Le représentant du FIDA, Fenton Reed a souligné l’importance de documenter et de présenter les exemples de réussite ainsi que de promouvoir la cohérence des politiques aux niveaux national et régional. Les participants ont reconnu que les gouvernements s’étaient engagés à adapter au niveau local les résultats du Sommet des Nations unies sur les systèmes alimentaires (UNFSS) et ont souligné la nécessité d’assurer un engagement inclusif des parties prenantes, notamment des femmes, des jeunes, des producteurs et des consommateurs. Un participant a souligné « qu’il était essentiel que les femmes, les jeunes, les producteurs et les consommateurs participent à cette transition ».
Une participante d’Action Aid a indiqué que « le régime foncier restait une question essentielle dans la promotion de l’agroécologie. Lorsque les collectivités collaborent, il y a moins d’accaparement des terres et un accès plus équitable aux ressources. Toutefois, pour réaliser de réels progrès, nous devons mettre en place des politiques de soutien telle que l’assurance foncière qui protège particulièrement les jeunes et les femmes, qui représentent plus de 70% de la main d’œuvre agricole. Des droits fonciers garantis, notamment pour les jeunes et les femmes sont indispensables pour mettre en place des systèmes alimentaires résilients, inclusifs et durables, fondés sur les principes de l’agroécologie.

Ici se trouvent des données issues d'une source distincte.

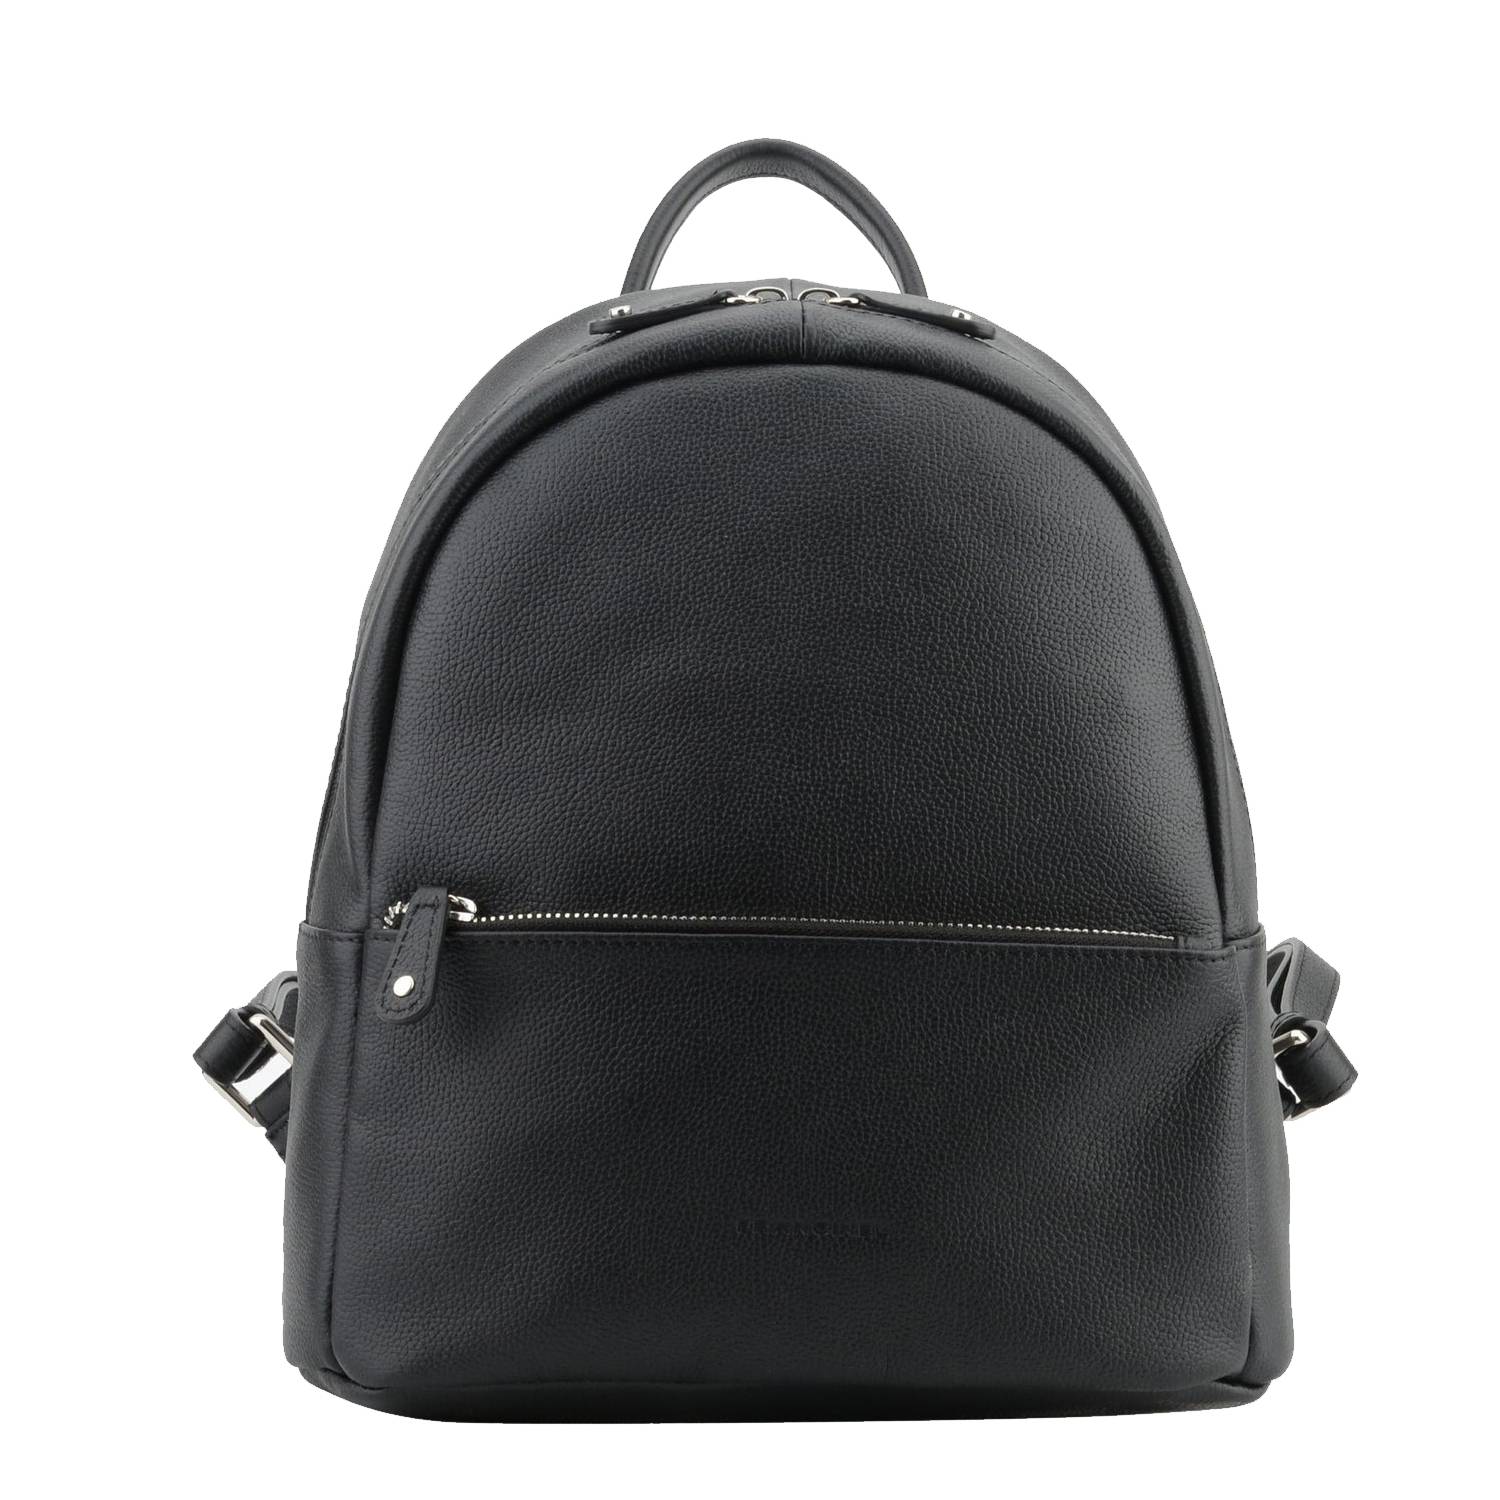 Mini sac à dos Francinel zippé Tiana 22328 NR couleur noir, vue de face
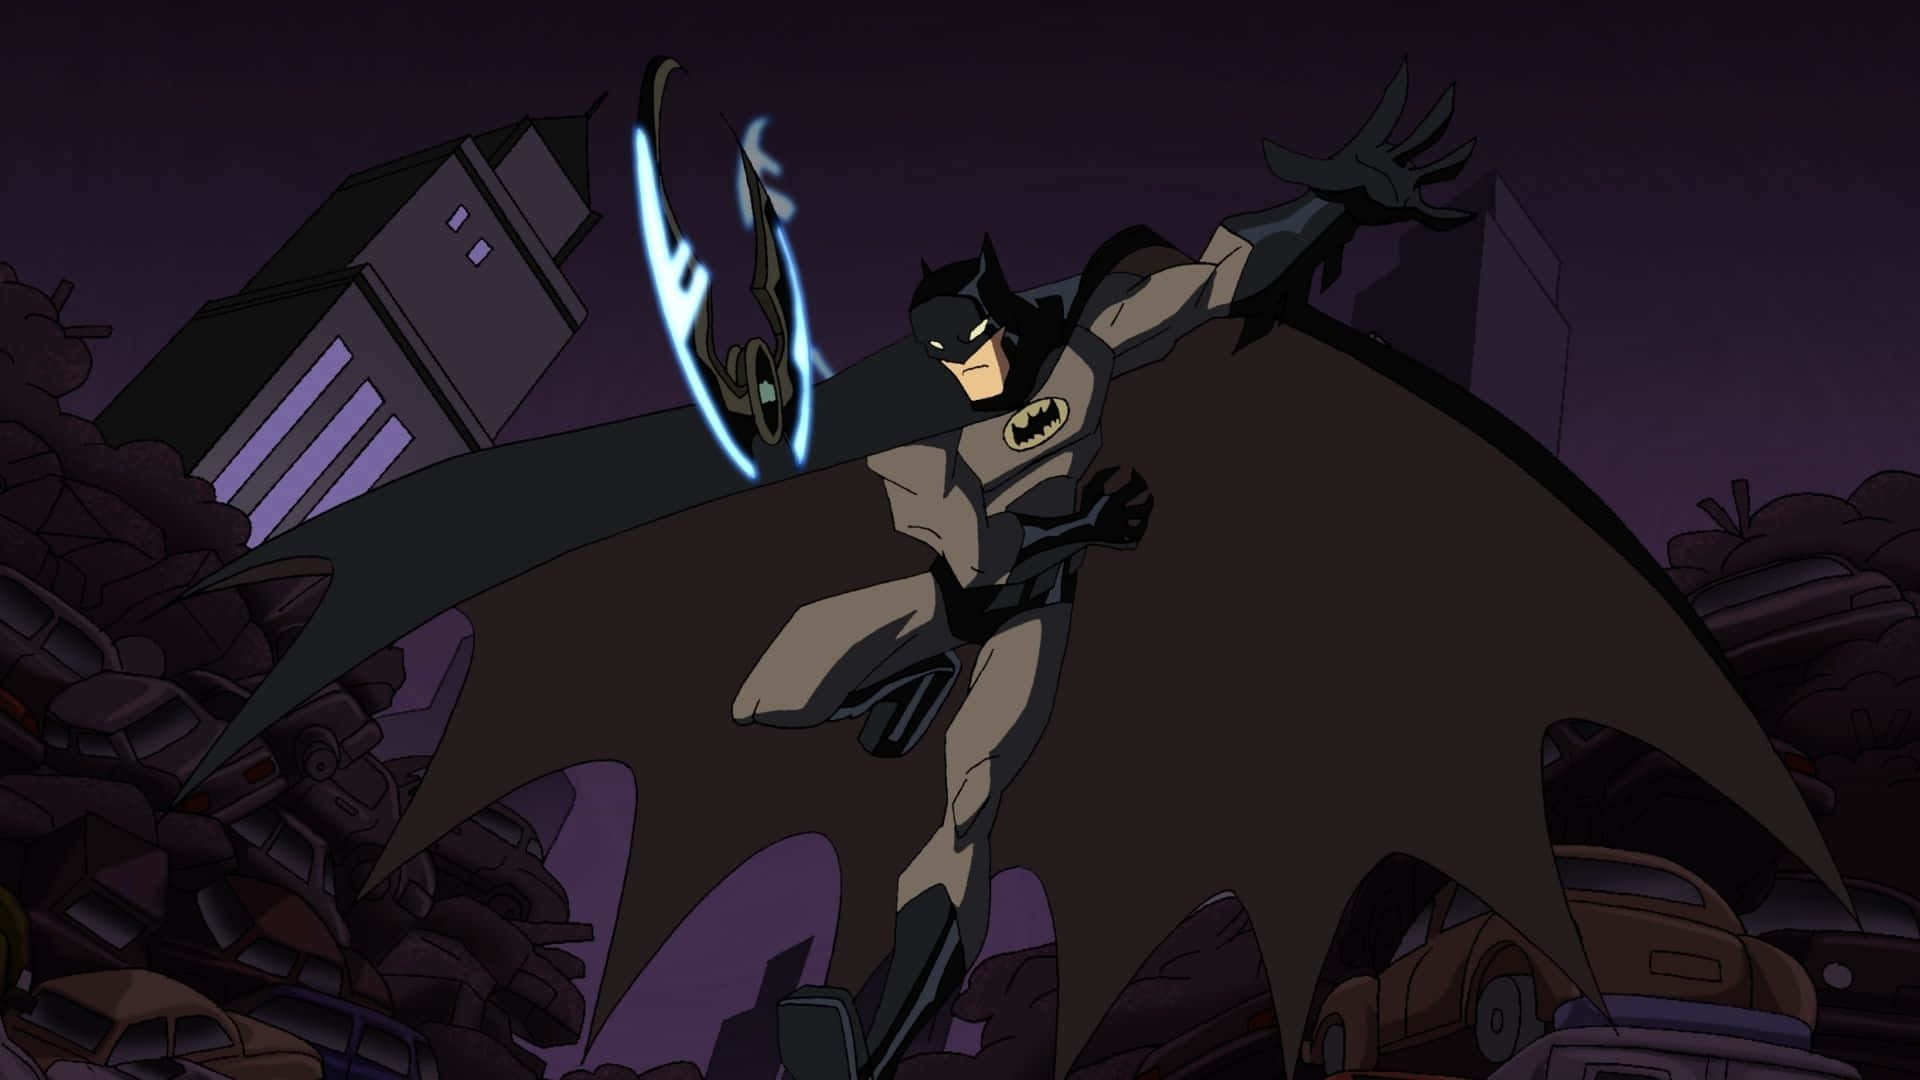 Batman facing off the criminals in Gotham City Wallpaper

- Alex Mutungi a indiqué que l’agroécologie commençait à être prise en compte dans les plans nationaux d’investissement agricole, de la santé des sols aux pratiques agricoles, mais qu’il restait encore beaucoup à faire. Nous devons adopter des indicateurs quantifiables, renforcer les capacités, de la base jusqu’au niveau des politiques et nous assurer que nos dirigeants comprennent la valeur de l’agroécologie. Il existe des points d’entrée stratégiques ; des politiques appropriées et un financement adéquat permettront de mettre à l’échelle l’agroécologie et d’ouvrir de nouveaux marchés, plus équitables pour nos agriculteurs.
Enfin, le Pr Raymond Auerbac a expliqué que le processus du PDDAA avait été difficile parce qu’il avait été précipité et n’avait pas réussi à intégrer l’agroécologie. Nous avons ignoré l’importance de la sécurité alimentaire, des connaissances culturelles et des systèmes résilients. L’agroécologie nous donne l’occasion de rétablir les systèmes alimentaires traditionnels, de réduire les dépenses de santé et de créer des moyens d’existence durables, surtout si nous faisons appel aux jeunes et repensons notre façon de gérer les terres et l’alimentation.
La table ronde s’est terminée avec l’élaboration d’un projet de feuille de route et d’un cadre de suivi et évaluation pour appuyer l’intégration de l’agroécologie dans la stratégie et le plan d’action post Malabo que M. Moses Odeke, chef des programmes par intérim à l’ASARECA a communiqués. Il s’agit d’un moment clé pour la collaboration, le partage des connaissances et la planification stratégique qui renforce l’engagement du PDDAA-XP4 et de ses partenaires en faveur des systèmes alimentaires durables en Afrique.
À la fin de l’évènement parallèle, les participants ont réaffirmé leur vision commune d’une transition agroécologique inclusive, pratique et solide, basée sur les priorités et les réalités africaines.